Мир и покой покинули Девон. Хотя по виду кампуса и городка этого нельзя было сказать, они еще сохраняли свою мечтательную летнюю безмятежность. Осень едва коснулась пышного великолепия деревьев, и в зените дня солнце ненадолго вновь обретало свою летнюю силу. В воздухе ощущалось лишь отдаленное веяние холода, доносящегося от дальней кромки зимы.
Но новый, энергичный ветер подхватил и понес все, как первую опавшую листву. Летний семестр – когда временные педагоги, заменявшие ушедших в отпуск постоянных наставников, пичкали знаниями несколько десятков мальчиков и когда большинство школьных традиций, словно чтобы уберечь от зноя, было убрано на склад, – этот летний семестр закончился. Такой семестр проводился в школе впервые, что же касается зимних, то нынешний был сто шестьдесят третьим в истории школы, и руководство, вновь собравшееся к его началу, разгоняло дух летнего благодушия, как ветер – осенние листья.

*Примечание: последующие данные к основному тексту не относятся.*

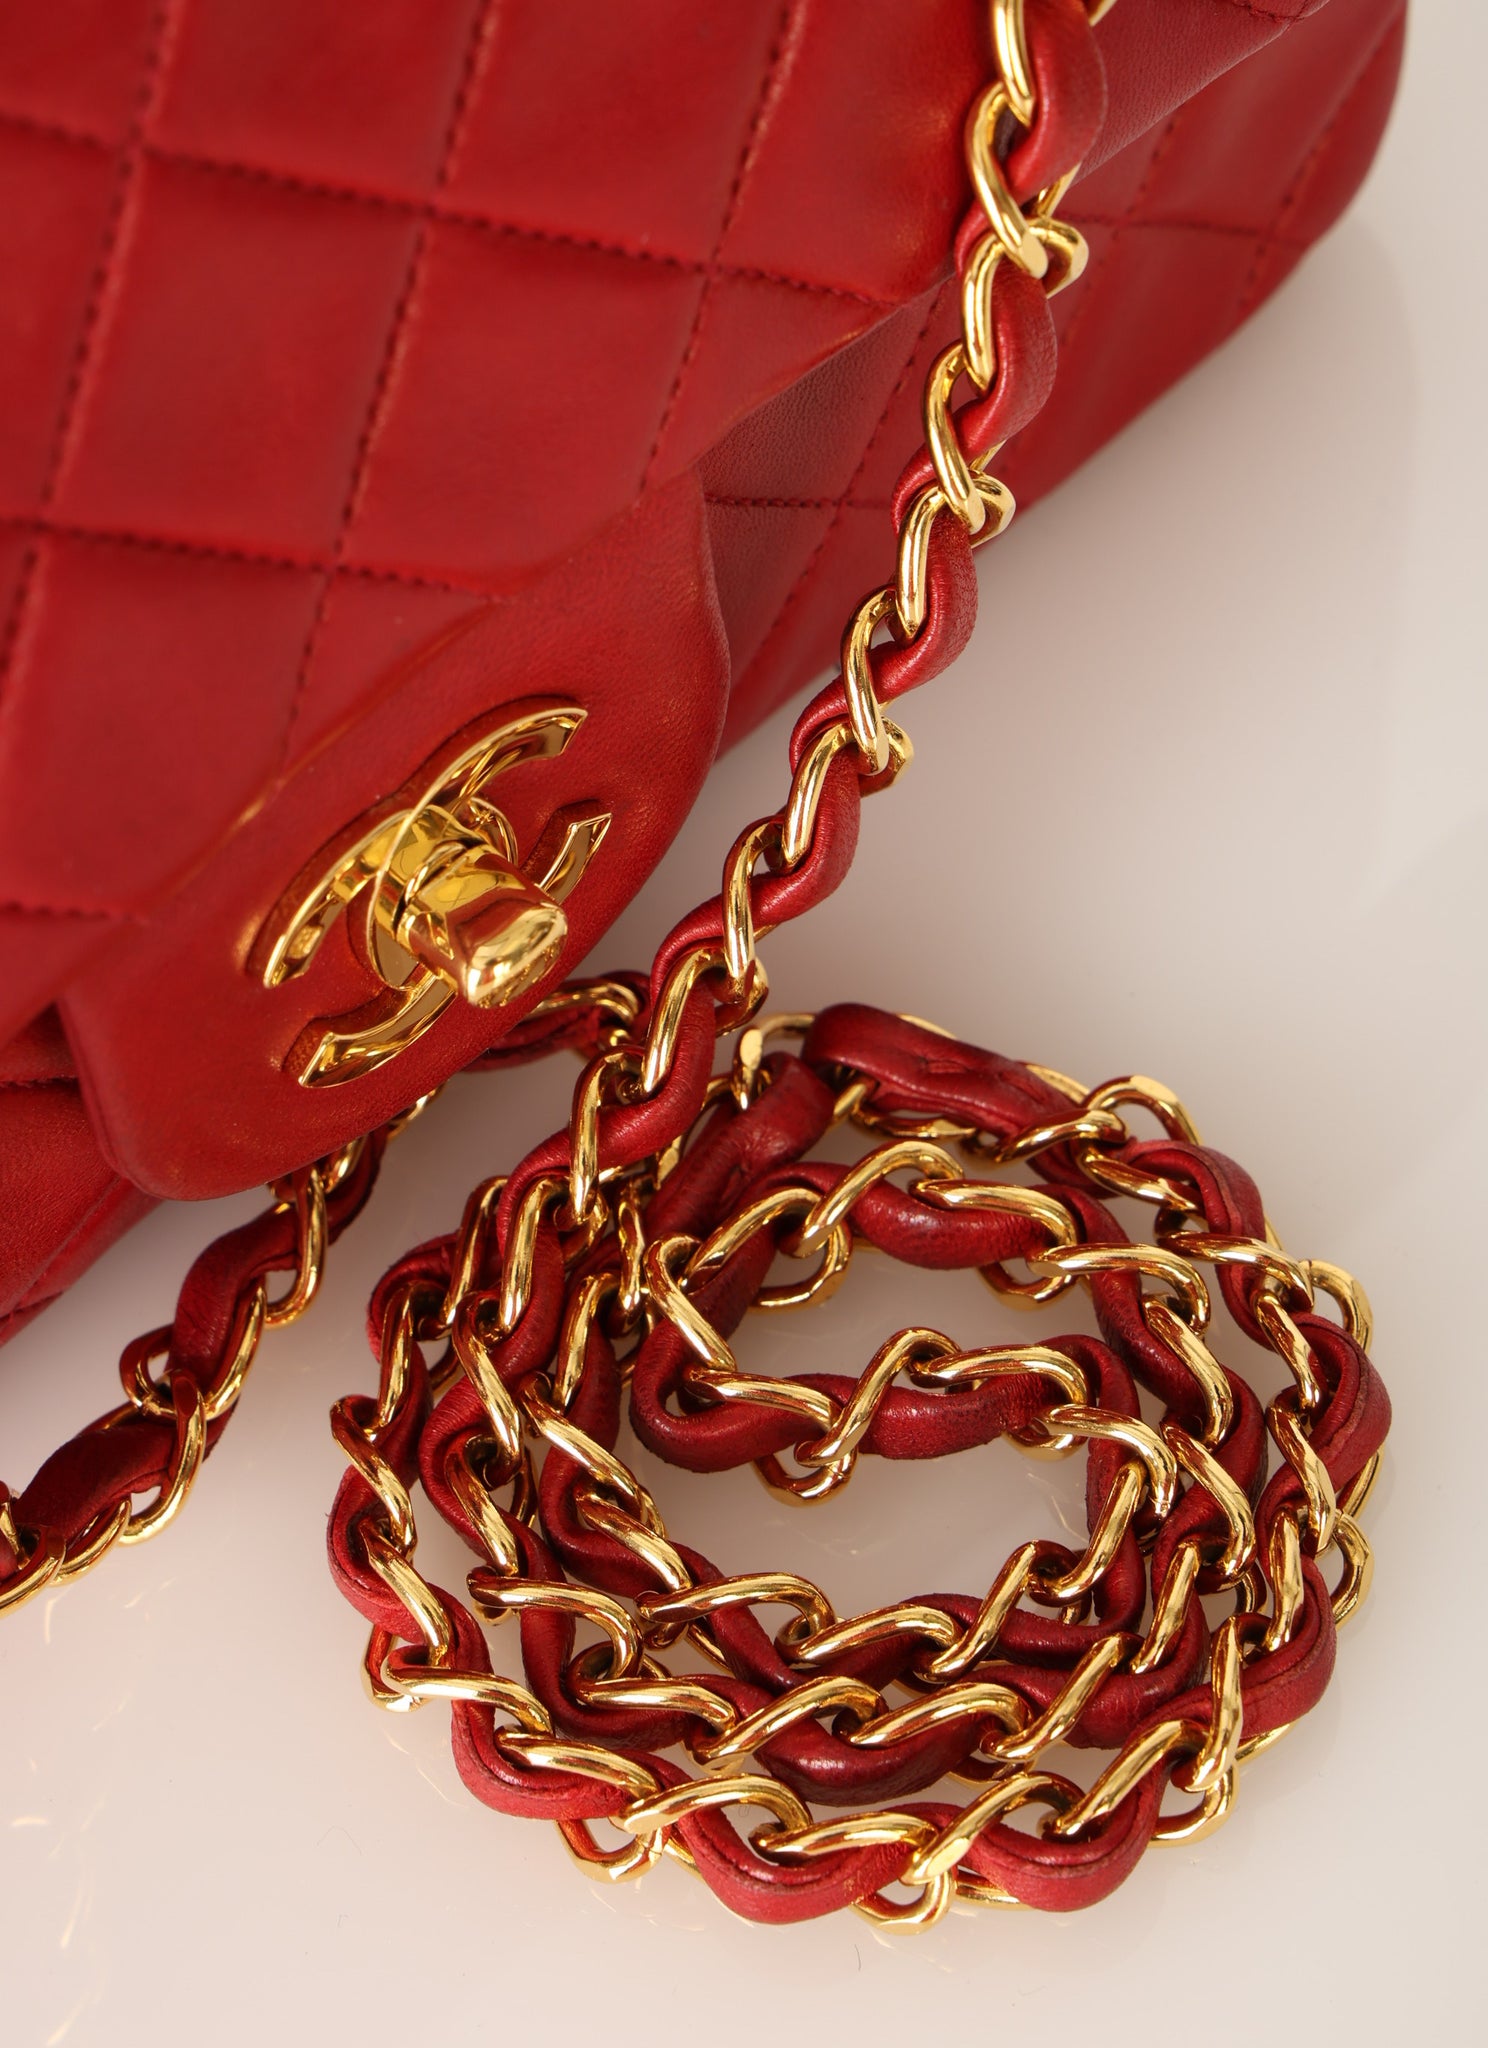 Chanel 1991 Lambskin Small Red Double Flap

Во время первого богослужения в часовне наставники сидели на своих постоянных местах «в партере» – перед нами и под прямыми углами от нас, – усталым выражением лиц и непринужденностью поз словно бы демонстрируя, что они вообще никуда не отлучались.

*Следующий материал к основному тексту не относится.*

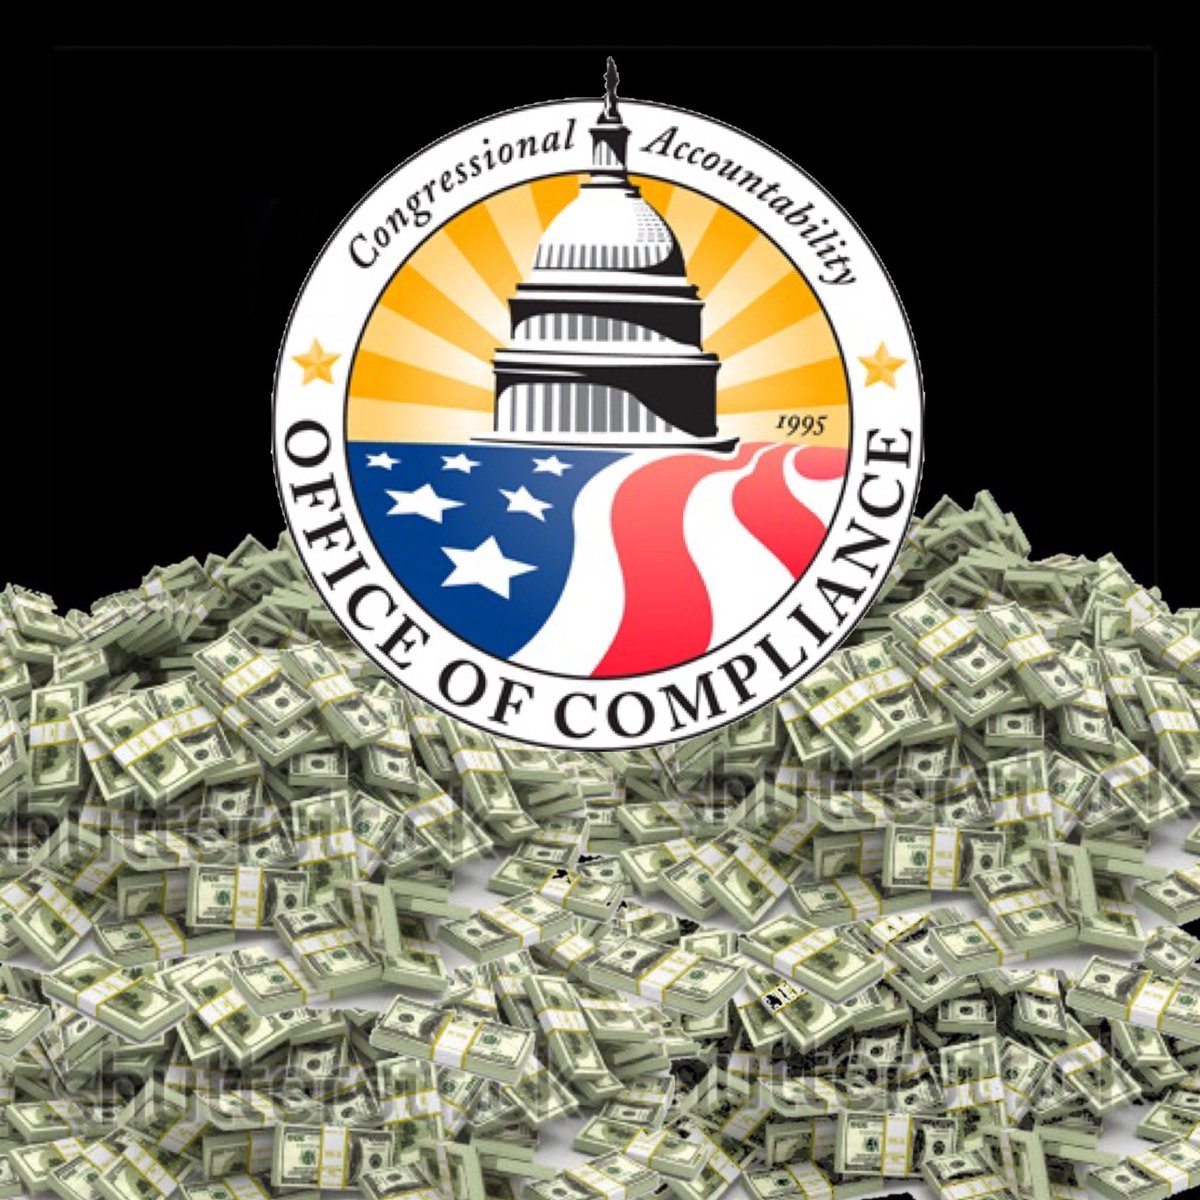 The Federal Office of Compliance has paid out $17 million, of taxpayer money, to 248 accusers of sexual misconduct by members of Congress (Hush $$$). With President Trump on trial for allegedly paying “Hush Money” to a porn actress based on the word of a convicted lying ex-con,

В церковной апсиде сидели их жены и дети, во время скучных зимних месяцев являвшие собою объект наших бесконечных традиционных спекуляций (Почему он женился на ней? Что могло заставить ее выйти за него? Как эта парочка сумела произвести на свет таких маленьких чудовищ?). Наставники в этот погожий первый день предпочли костюмы из летней ткани, их жены достали свои шляпы. Пятеро учителей из самых молодых отсутствовали – ушли на войну. Мистер Пайк явился в форме; у бывшего курсанта военно-морского училища, видимо, сработал рефлекс, приведший его в этот день по старой памяти в Девонскую школу. Лицо у него было таким же мягким и, как всегда, выражало безысходность. Словно луна белея над щеголеватой, жестко накрахмаленной матроской, оно придавало ему вид самозванца.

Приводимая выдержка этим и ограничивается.